[−][src]Function onednn_sys::dnnl_vanilla_rnn_backward_desc_init
pub unsafe extern "C" fn dnnl_vanilla_rnn_backward_desc_init(
rnn_desc: *mut dnnl_rnn_desc_t,
prop_kind: dnnl_prop_kind_t,
activation: dnnl_alg_kind_t,
direction: dnnl_rnn_direction_t,
src_layer_desc: *const dnnl_memory_desc_t,
src_iter_desc: *const dnnl_memory_desc_t,
weights_layer_desc: *const dnnl_memory_desc_t,
weights_iter_desc: *const dnnl_memory_desc_t,
bias_desc: *const dnnl_memory_desc_t,
dst_layer_desc: *const dnnl_memory_desc_t,
dst_iter_desc: *const dnnl_memory_desc_t,
diff_src_layer_desc: *const dnnl_memory_desc_t,
diff_src_iter_desc: *const dnnl_memory_desc_t,
diff_weights_layer_desc: *const dnnl_memory_desc_t,
diff_weights_iter_desc: *const dnnl_memory_desc_t,
diff_bias_desc: *const dnnl_memory_desc_t,
diff_dst_layer_desc: *const dnnl_memory_desc_t,
diff_dst_iter_desc: *const dnnl_memory_desc_t,
flags: c_uint,
alpha: f32,
beta: f32
) -> dnnl_status_t
Initializes a descriptor for vanilla RNN backward propagation primitive.

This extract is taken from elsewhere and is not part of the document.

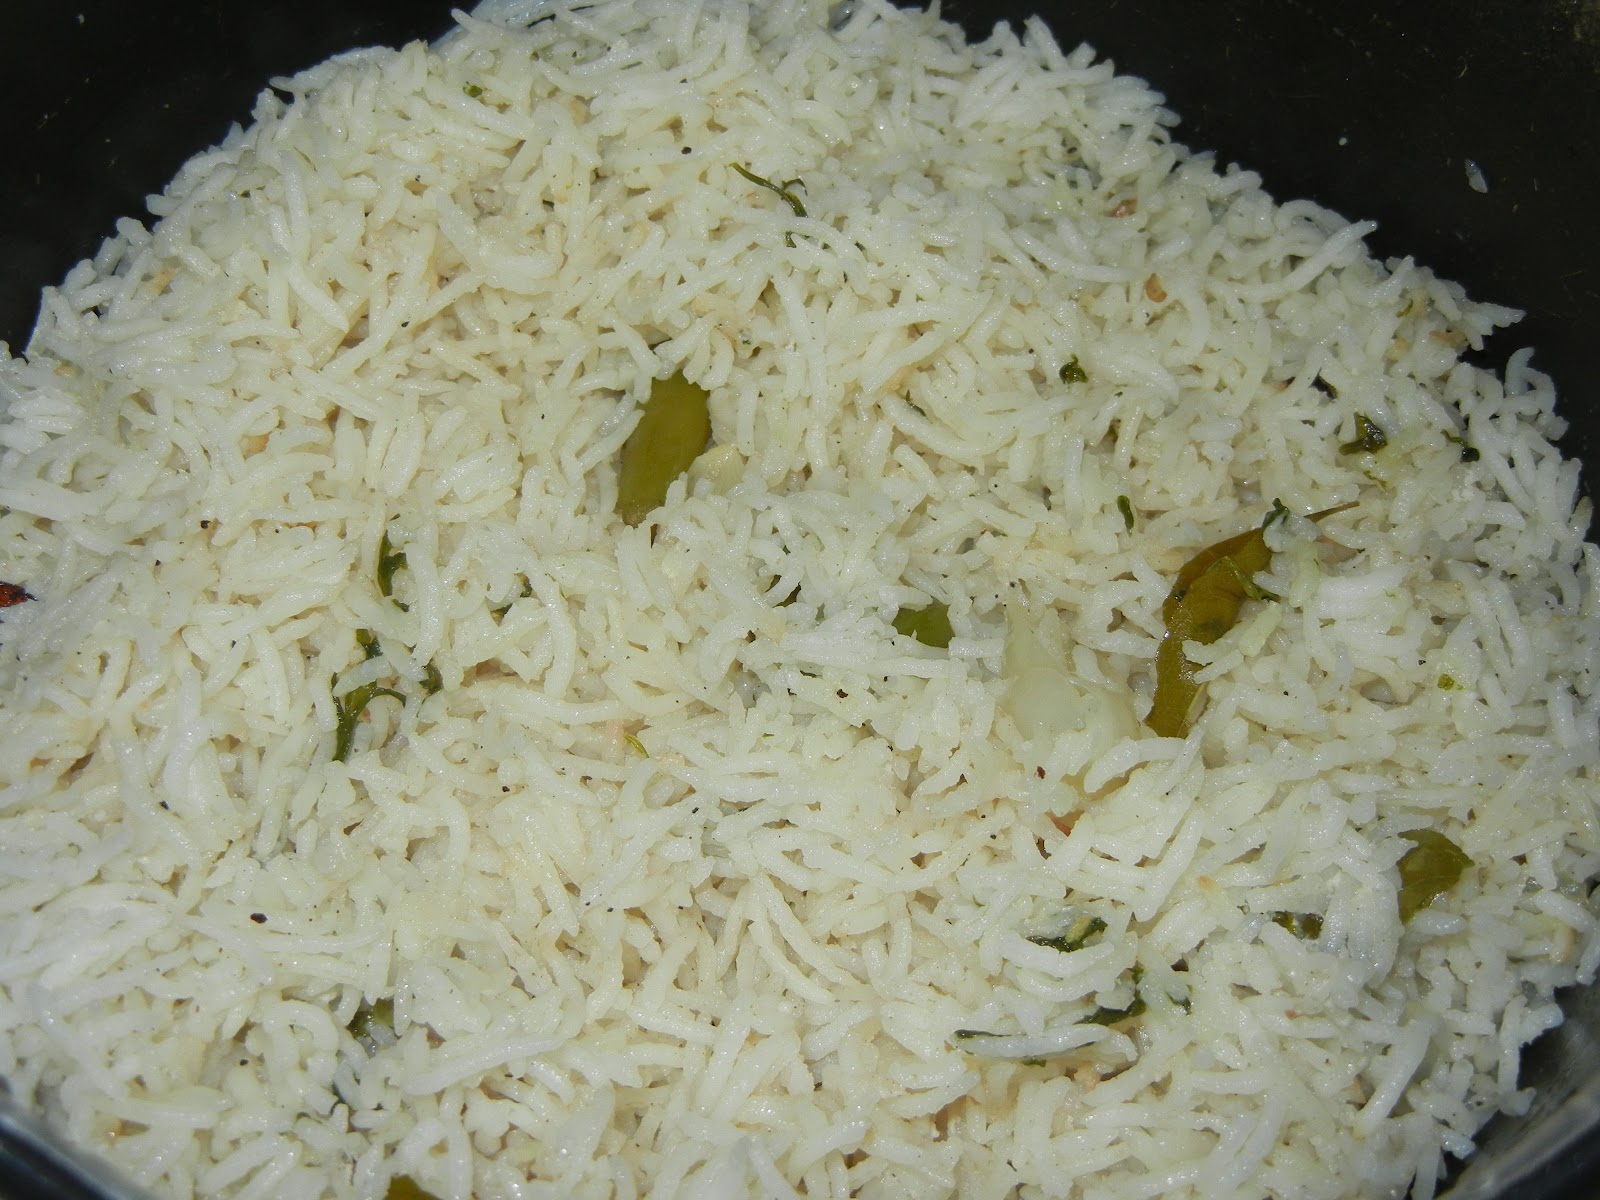 Yashodha's kitchen: COCONUT MILK RICE / THENGAI PAAL SADHAM
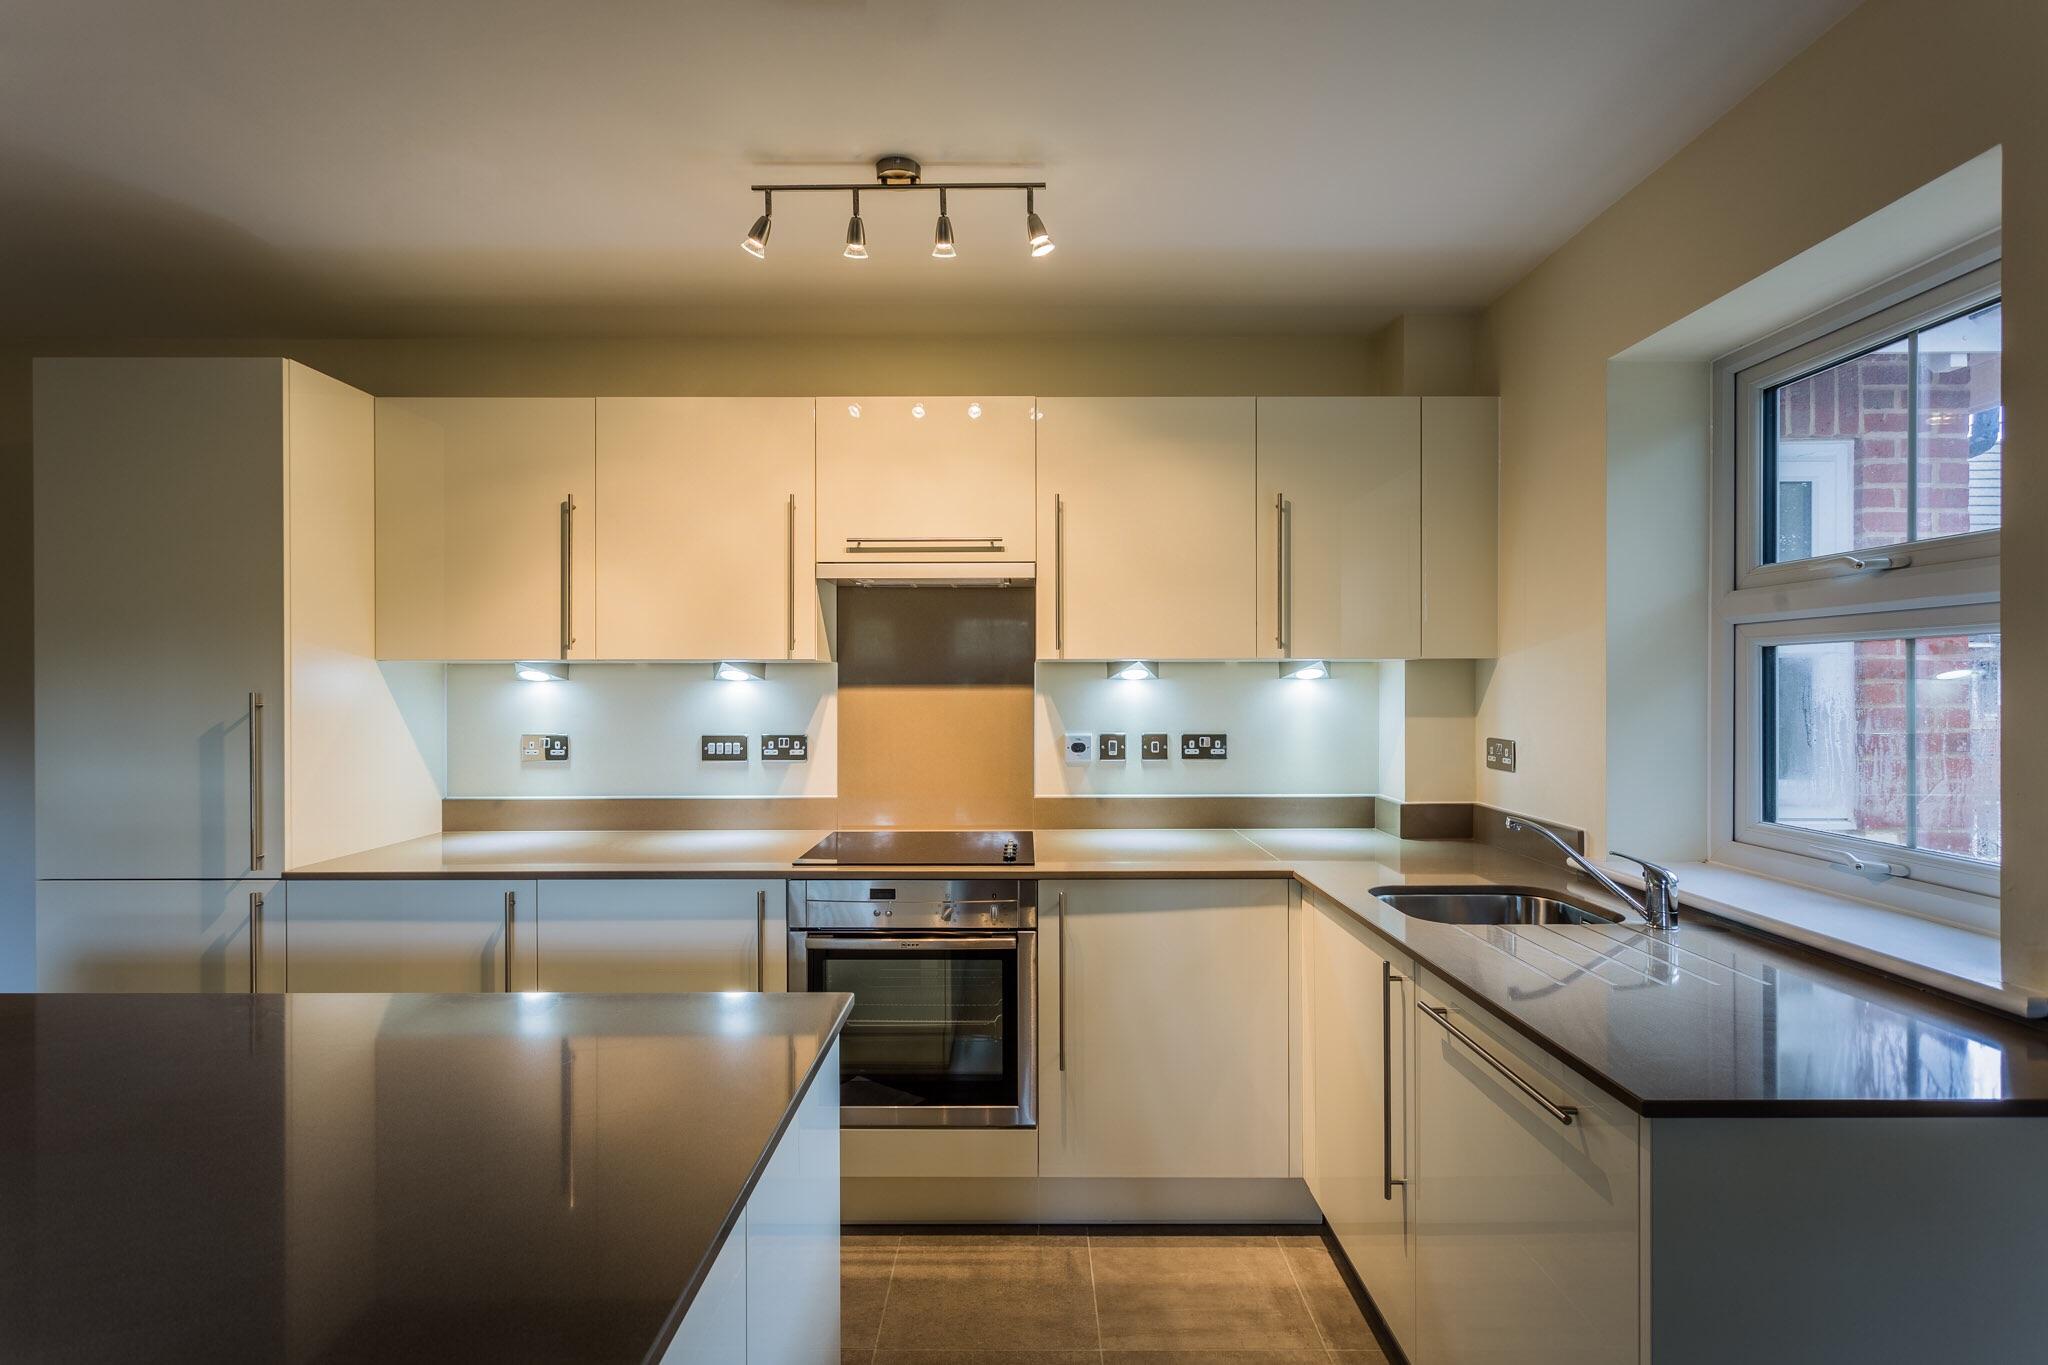 Kitchen - interior design photography by Rick McEvoy

The following arguments may either be @c NULL or point to a zero memory descriptor:
- @p src_iter_desc together with @p diff_src_iter_desc,
- @p bias_desc together with @p diff_bias_desc,
- @p dst_iter_desc together with @p diff_dst_iter_desc.
This would then indicate that the RNN backward propagation primitive should not use the respective data and should use zero values instead.
@note All memory descriptors can be initialized with #dnnl_format_tag_any or with format_kind set to #dnnl_format_kind_any.
@param rnn_desc Output descriptor for vanilla RNN primitive. @param prop_kind Propagation kind. Must be #dnnl_backward. @param activation Activation kind. Possible values are #dnnl_eltwise_relu, #dnnl_eltwise_tanh or #dnnl_eltwise_logistic. @param direction RNN direction. See @ref dnnl_rnn_direction_t for more info. @param src_layer_desc Memory descriptor for the input vector. @param src_iter_desc Memory descriptor for the input recurrent hidden state vector. @param weights_layer_desc Memory descriptor for the weights applied to the layer input. @param weights_iter_desc Memory descriptor for the weights applied to the recurrent input. @param bias_desc Bias memory descriptor. @param dst_layer_desc Memory descriptor for the output vector. @param dst_iter_desc Memory descriptor for the output recurrent hidden state vector. @param diff_src_layer_desc Memory descriptor for the diff of input vector. @param diff_src_iter_desc Memory descriptor for the diff of input recurrent hidden state vector. @param diff_weights_layer_desc Memory descriptor for the diff of weights applied to the layer input. @param diff_weights_iter_desc Memory descriptor for the diff of weights applied to the recurrent input. @param diff_bias_desc Diff bias memory descriptor. @param diff_dst_layer_desc Memory descriptor for the diff of output vector. @param diff_dst_iter_desc Memory descriptor for the diff of output recurrent hidden state vector. @param flags Unused. @param alpha Negative slope if activation is #dnnl_eltwise_relu. @param beta Unused. @returns #dnnl_success on success and a status describing the error otherwise.